NEW YORK — Dignitaries and 9/11 families gathered for the 19th anniversary of the September 11 attacks and for a ceremony at the 9/11 Memorial and Museum unlike any other.
What You Need To Know
- For the first time, the annual ceremony in Lower Manhattan featured no stage and no live reading of names, but families did gather around the twin reflective pools
- Down the street, an alternative ceremony where some families read the names of lost loved ones out loud was organized by the Tunnel to Towers Foundation
- Dignitaries included Vice President Mike Pence and Democratic presidential candidate Joe Biden.
The names of the nearly 3000 men, women and children who died on 9/11 and in the 1993 World Trade Center bombing were pre-recorded and played.
Ceremony officials had decided that having 9/11 family members step up to microphones one after another, for the usual live reading of the names was too risky in a pandemic.
Families still gathered around the twin reflecting pools of the memorial.

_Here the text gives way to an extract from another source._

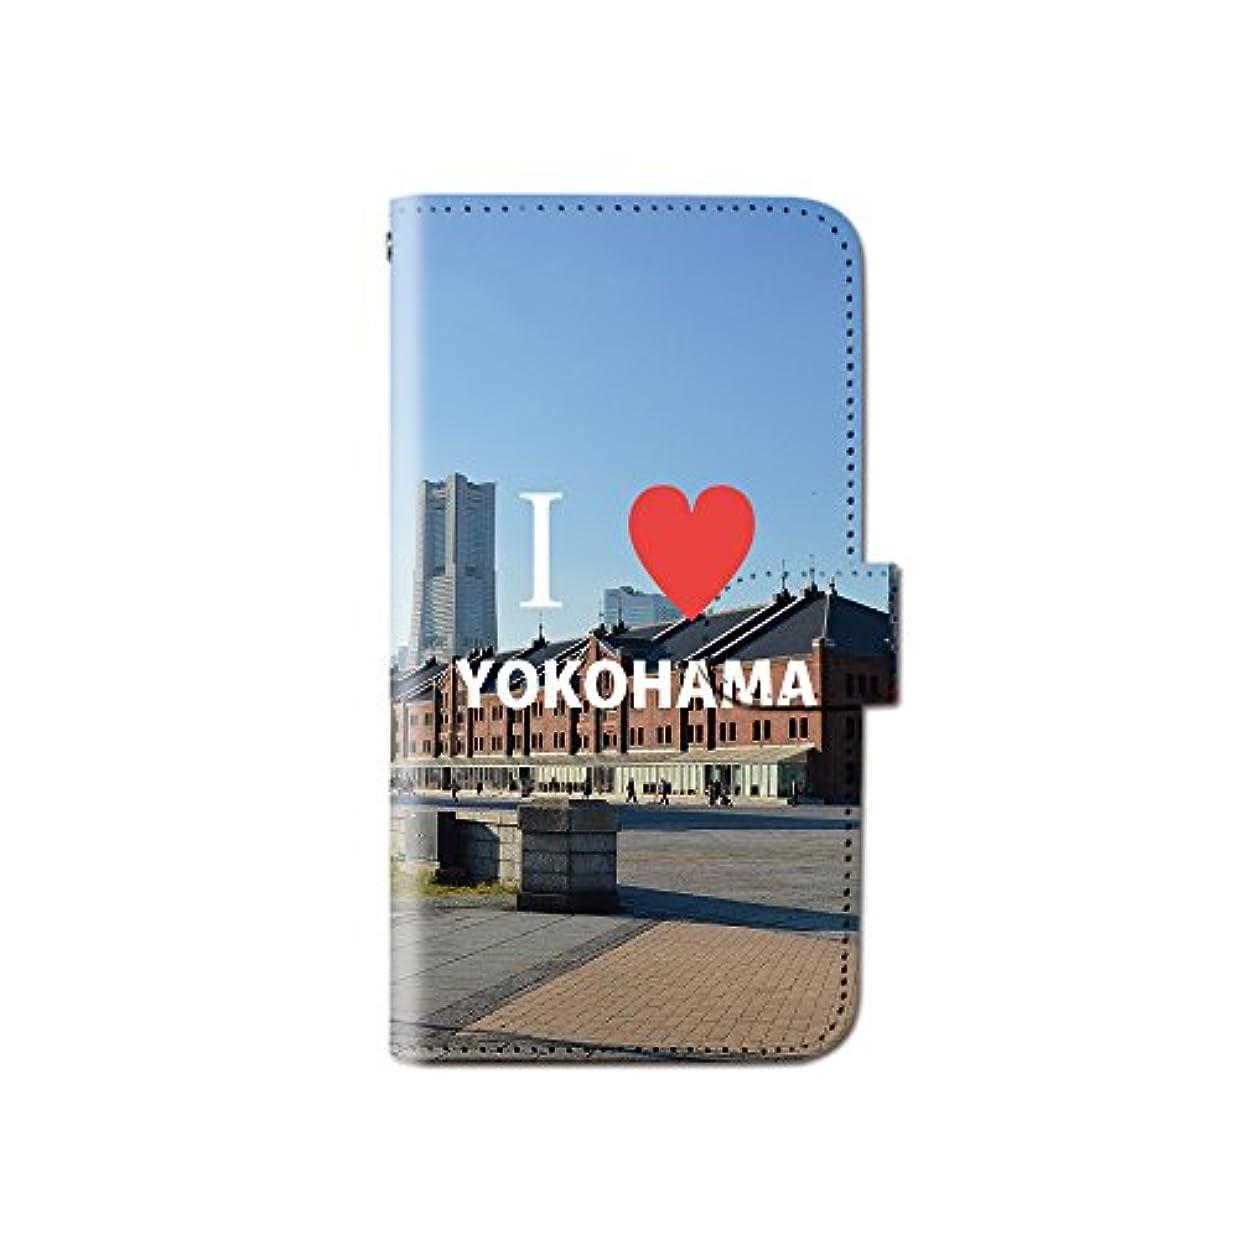 防衛賄賂すぐにZenfone 4 MAX PRO ZC554KL 横浜 景色 風景 写真 スマホケース 手帳型 マグネット式 カード収納 dy001-00360-04 ZC554KL (Zenfone 4 MAX PRO):L

Facial coverings could not mask the grief of many.
With no live reading of the names, there was no stage in front of those who came to mourn and remember.
Still, as on every September 11, a bell tolled six times, marking the exact moments that day when commercial airliners struck each of the towers and crashed into the Pentagon and a field in Shanksville Pennsylvania, as well as the moment each tower of the World Trade Center collapsed.
It remains the deadliest coordinated attack against Americans on domestic soil.
In a nod to coronavirus guidelines, Vice President Mike Pence, who attended briefly, and Democratic presidential candidate Joe Biden, who stayed and chatted, touched elbows instead of shaking hands before the ceremony. It highlighted what the 9/11 anniversary ceremony has also come to remind us of: the unity of the country following the attacks.
But this year, with an alternative ceremony down the road, a pandemic ravaging lives, and an election only months away, this 9/11 is anything but typical.
What was familiar, in the shadow of One World Trade Center was the feeling that yet another year has not dimmed a searing memory.